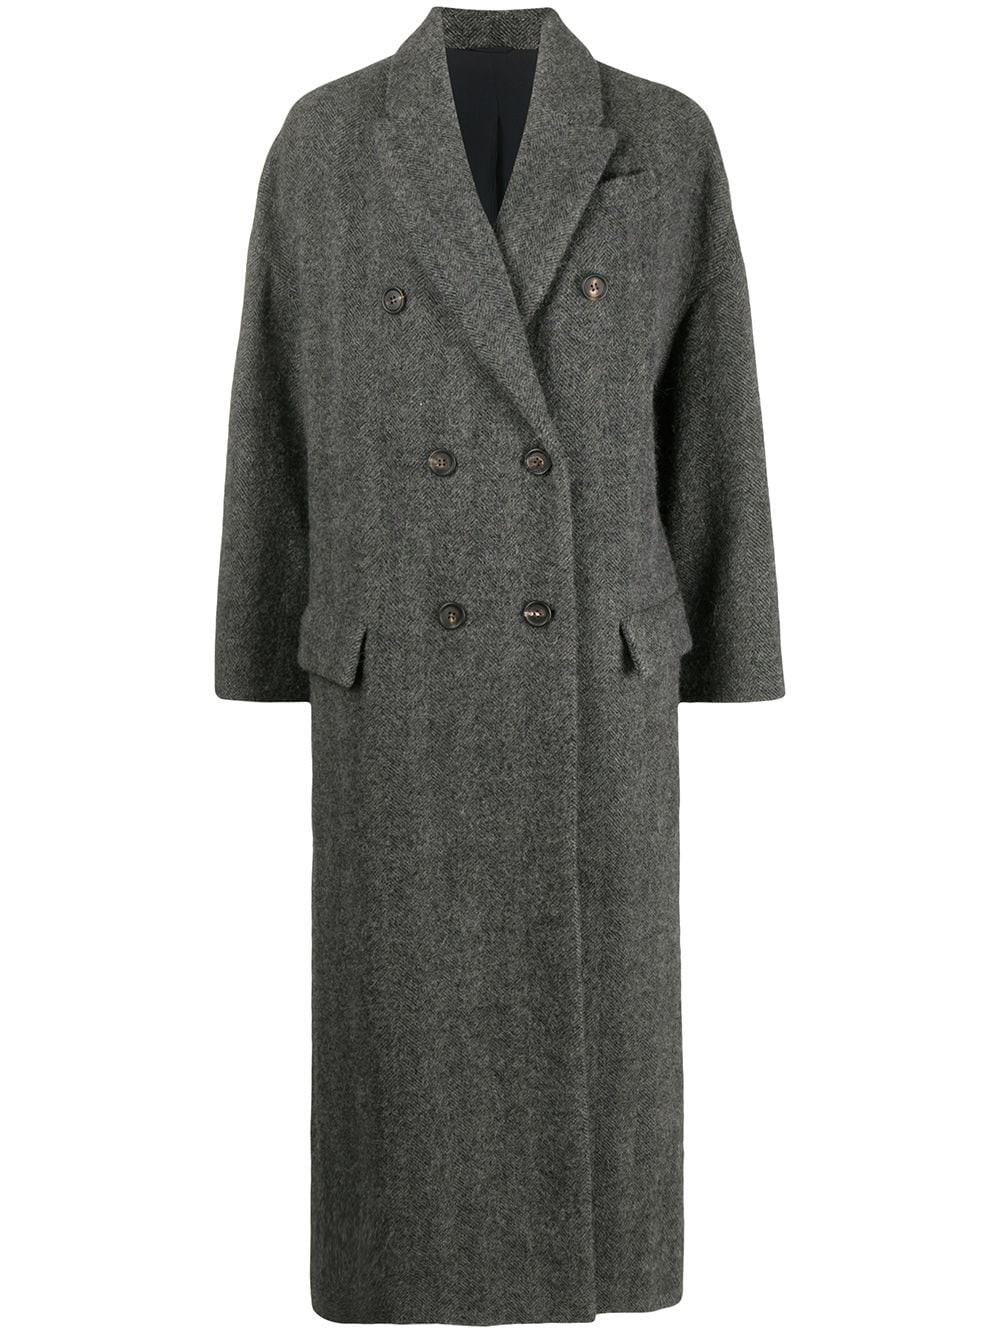 Cappotto doppiopetto in lana vergine e alpaca - Grigio scuro
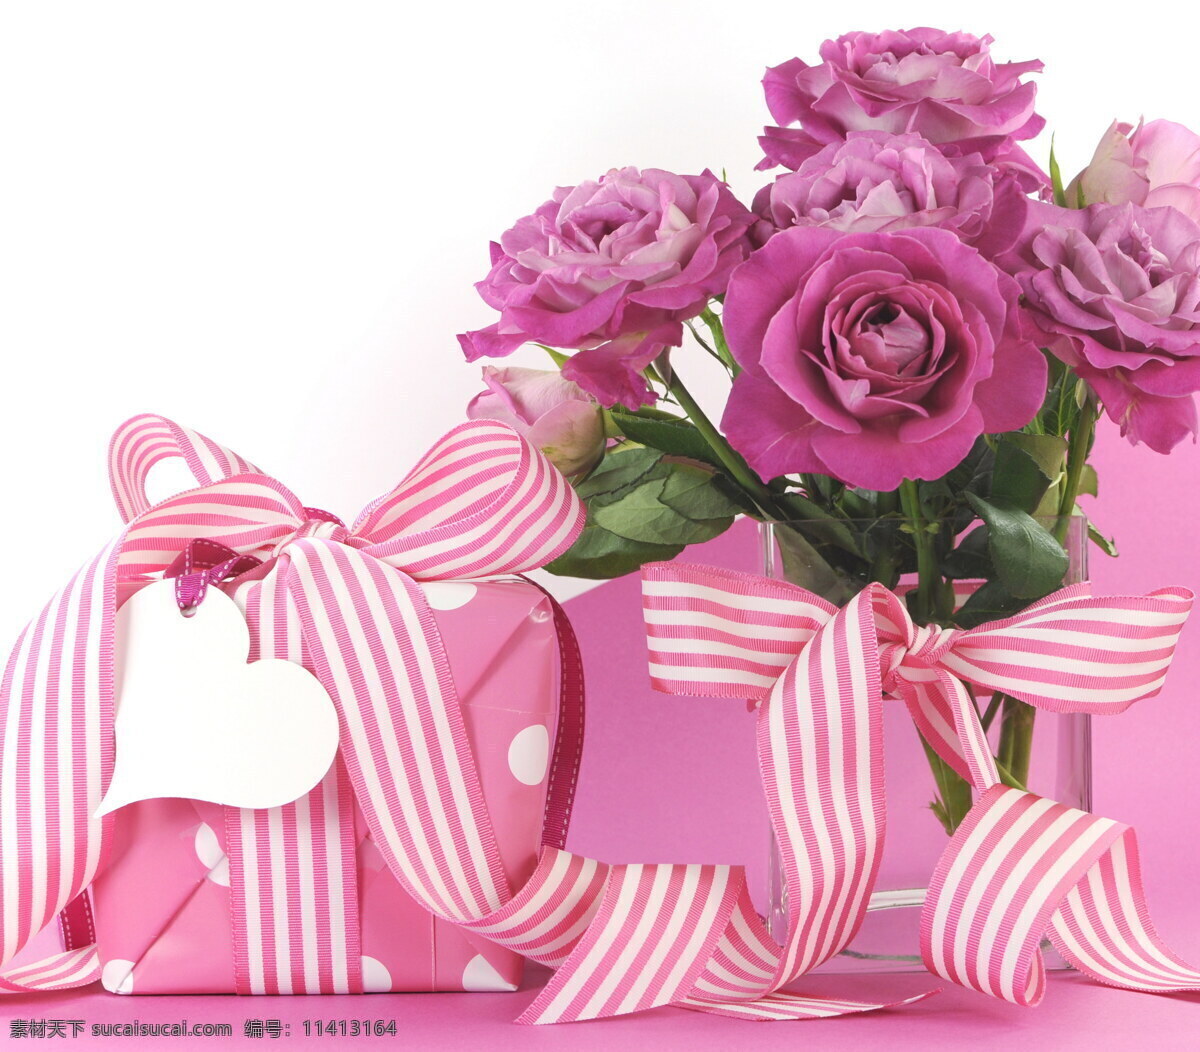 花朵 礼物 盒 礼物盒 丝带 妇女节 三八节 节日素材 节日庆典 生活百科
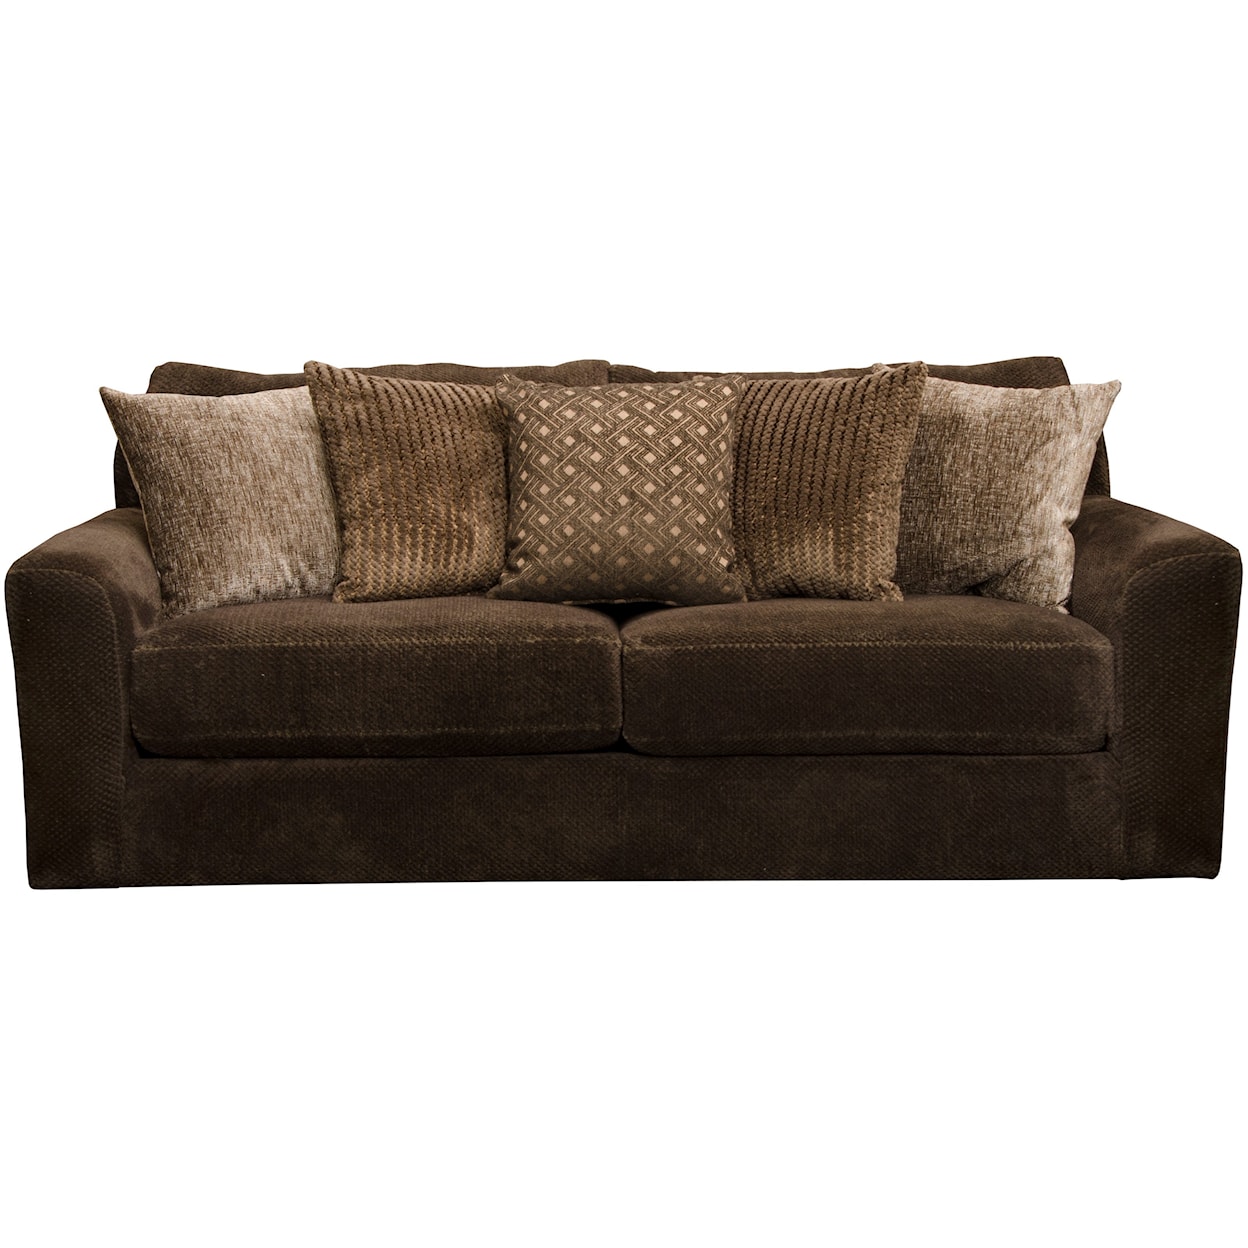 Jackson Furniture 3291 Midwood Sofa
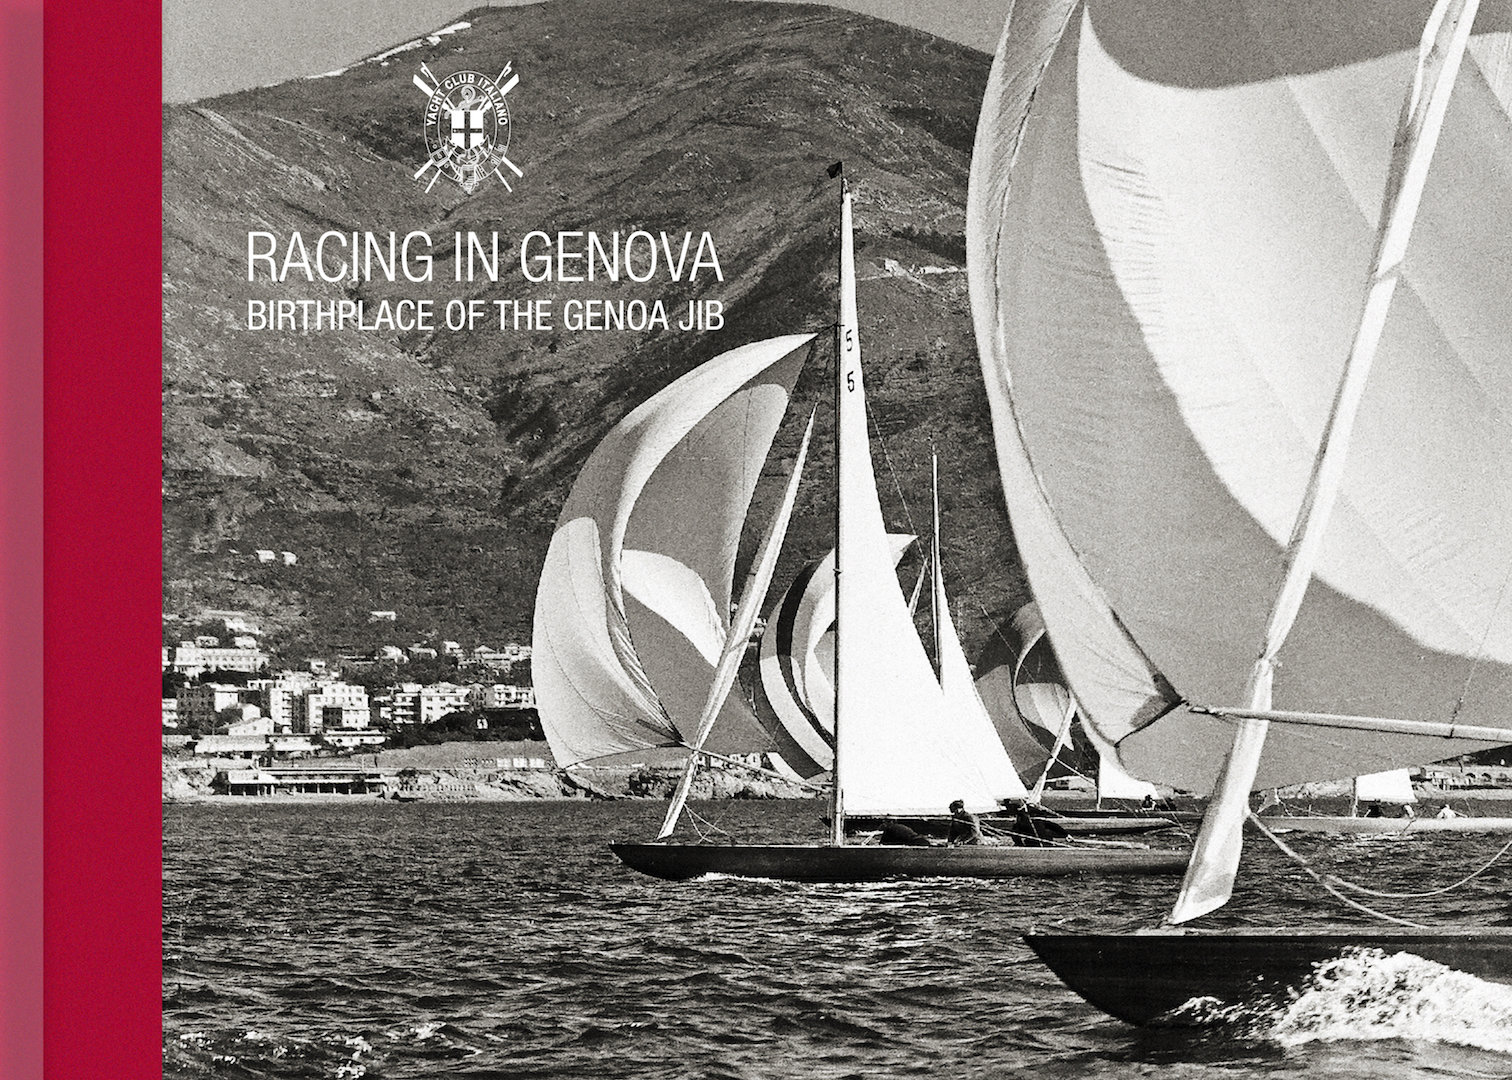 Un volume dello YC Italiano per festeggiare il ritorno della grande vela olimpica a Genova

» Aim of the task
Copy every line of the data exactly as written, excluding the pictures.

» Response to this task
 Cappotto doppiopetto in lana vergine e alpaca - Grigio scuro
 花朵 礼物 盒 礼物盒 丝带 妇女节 三八节 节日素材 节日庆典 生活百科
 Jackson Furniture 3291 Midwood Sofa
 Un volume dello YC Italiano per festeggiare il ritorno della grande vela olimpica a Genova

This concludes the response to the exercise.